Selain “berhasil” membuat istilah “mangan ora mangan sing penting kumpul”, VOC juga “berhasil” membuat blangkon Yogyakarta dan blangkon Solo (Surakarta) menjadi berbeda bentuknya. Ini semua disebabkan Perjanjian Giyanti yang, kesepakatan antara VOC dengan Mataram., yang ditandatangani 13 Februari 1755.

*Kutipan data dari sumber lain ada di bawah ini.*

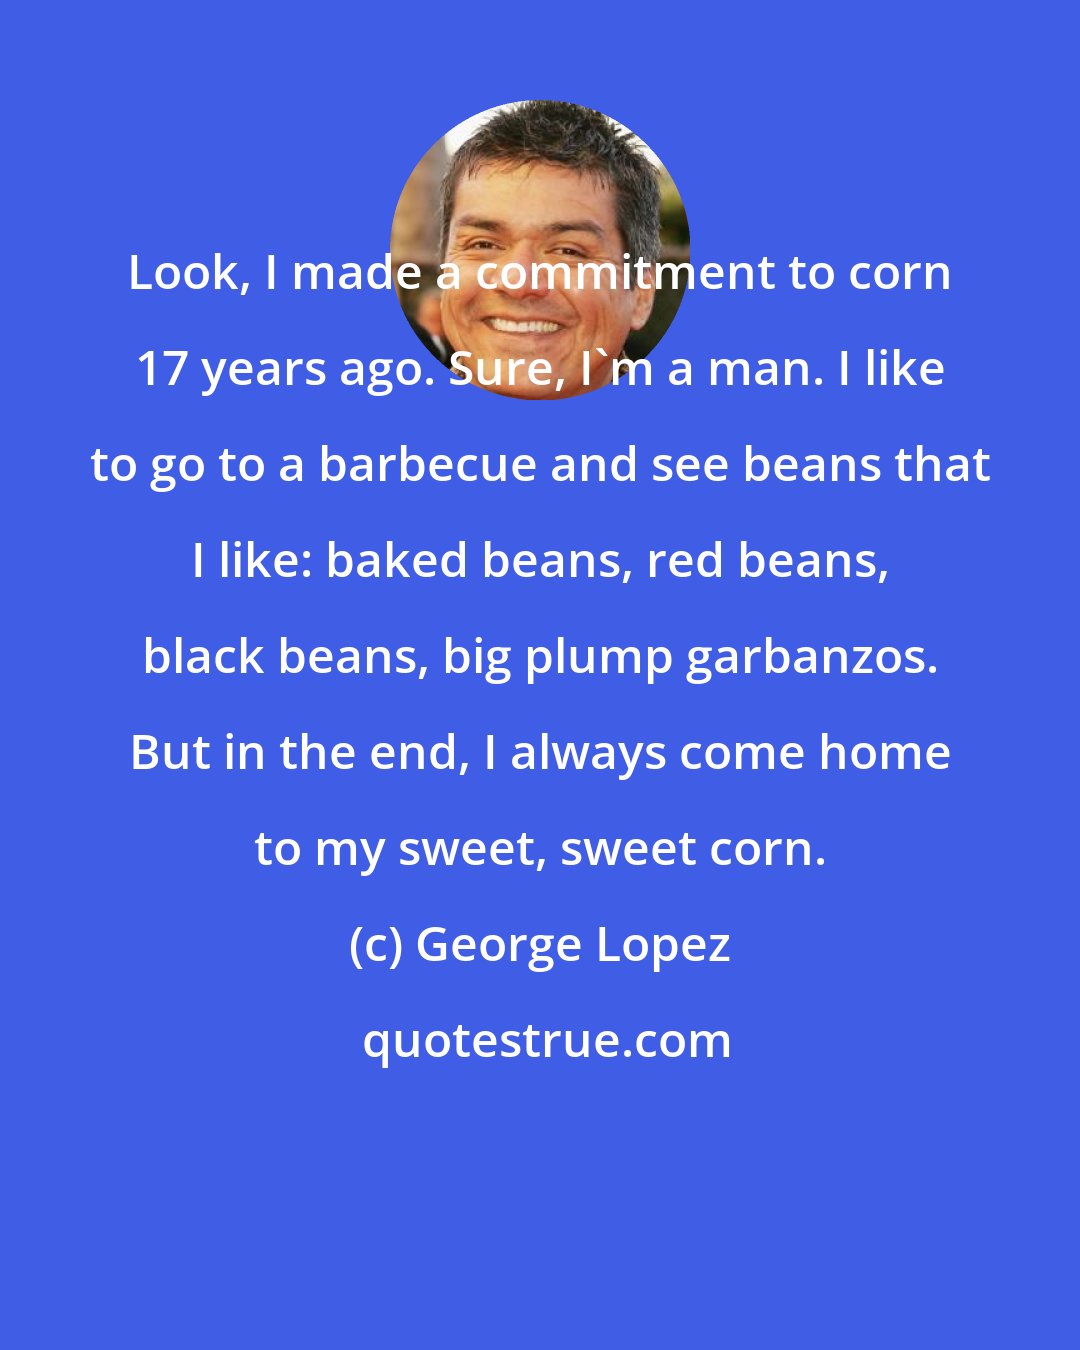 George Lopez: Look, I made a commitment to corn 17 years ago. Sure, I'm a man. I like to go to a barbecue and see beans that I like: baked beans, red beans, black beans, big plump garbanzos. But in the end, I always come home to my sweet, sweet corn.
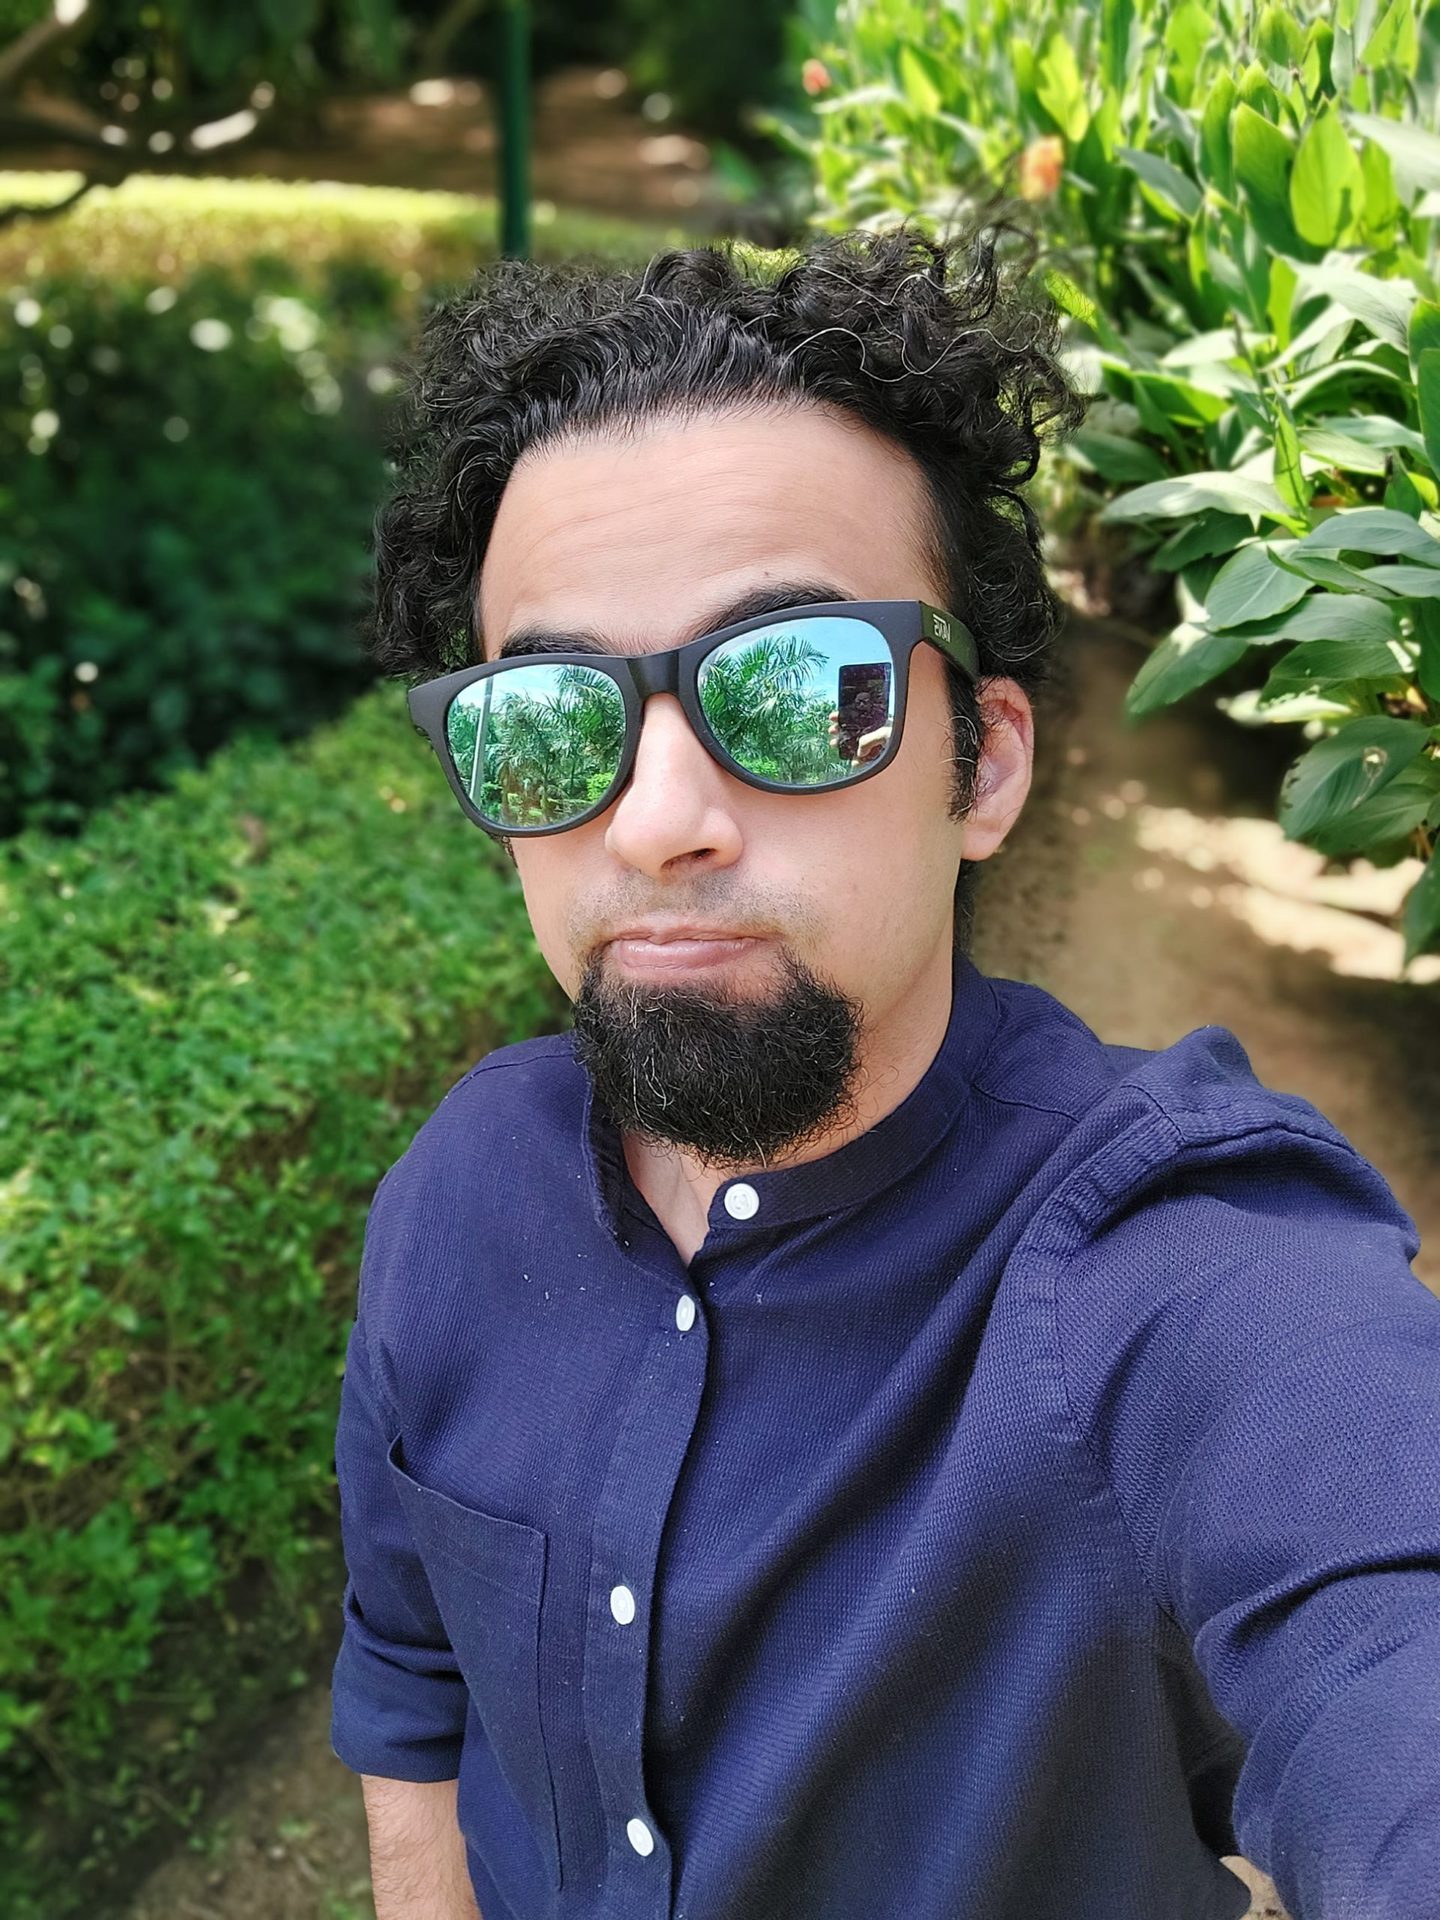 Samsung Galaxy A52s 5G selfie camera portrait mode shot of man with dark hair and beard wearing a blue long-sleeve shirt and mirrored shades, taken outdoors next to a green hedge.

Inti Perjanjian Giyanti adalah Mataram dibagi menjadi dua bagian. Bagian di sebelah timur Kali Opak dikuasai oleh pewaris tahta Mataram, yaitu Sunan Pakubuwana III dan tetap berkedudukan di Surakarta (Solo). Sedangkan bagian di sebelah barat yang sebenarnya merupakan daerah Mataram yang asli),diserahkan kepada Pangeran Mangkubumi sekaligus ia diangkat menjadi Sultan Hamengku Buwana I, berkedudukan di Yogyakarta. Di dalam perjanjian itu juga terdapat klausul, bahwa jika diperlukan maka pihak VOC dapat menentukan siapa yang menguasai kedua wilayah itu.
Menurut sejarawan Universitas Indonesia, Prof. Dr. Djoko Marihandono, gara-gara itu juga maka untuk membedakan orang Yogyakarta atau orang Surakarta, blangkon atau tutup kepala dari kedua wilayah itu dibuat berbeda. Hal itu dikemukakan Djoko pada diskusi tentang Dr. Angka, salah satu pendiri Boedi Oetomo, yang diselenggarakan di Museum Kebangkitan Nasional, Jalan Kwini, Jakarta Pusat, pada 30 November 2016.
Diuraikan oleh Djoko, tipikal wajah dan bentuk tubuh orang di kedua wilayah itu sama. Mereka pun menggunakan bahasa yang sama, yaitu Bahasa Jawa, serta tradisinya pun sama. Maka untuk membedakan, dibuatlah blangkon yang berbeda untuk orang Yogya dan orang Solo.
Perbedaan utama adalah di bagian belakang blangkon, yang disebut “mondholan”. Dalam bahasa umum, sering disebut “telur di belakang blangkon”. Blangkon khas Yogyakarta mempunyai mondholan berbentuk bulat telur, sedangkan pada blangkon Solo seperti dikatakan Djoko, “telurnya sudah pecah” alias tidak ada mondholan atau bentuk bulat telur itu. Jadi, dengan melihat bentuk blangkonnya, orang langsung tahu apakah dia warga Yogya atau warga Solo.
Perbedaan lain bisa dilihat dari bentuk wayang kulit antara wayang Yogya dan wayang Solo. Wayang Yogya umumnya dibuat berpostur lebih kekar, dibandingkan wayang Solo yang lebih jangkung dan langsing. Sedangkan untuk wayang putri, pada wayang Yogya kainnya menjuntai ke depan, sedangkan wayang Solo kainnya jatuhnya ke belakang.
Gara-gara VOC dan Perjanjian Giyanti ternyata bisa membuat banyak perbedaan. Mulai dari munculnya istilah “mangan ora mangan sing penting kumpul”, sampai blangkon dan wayang Yogya yang berbeda dengan Solo.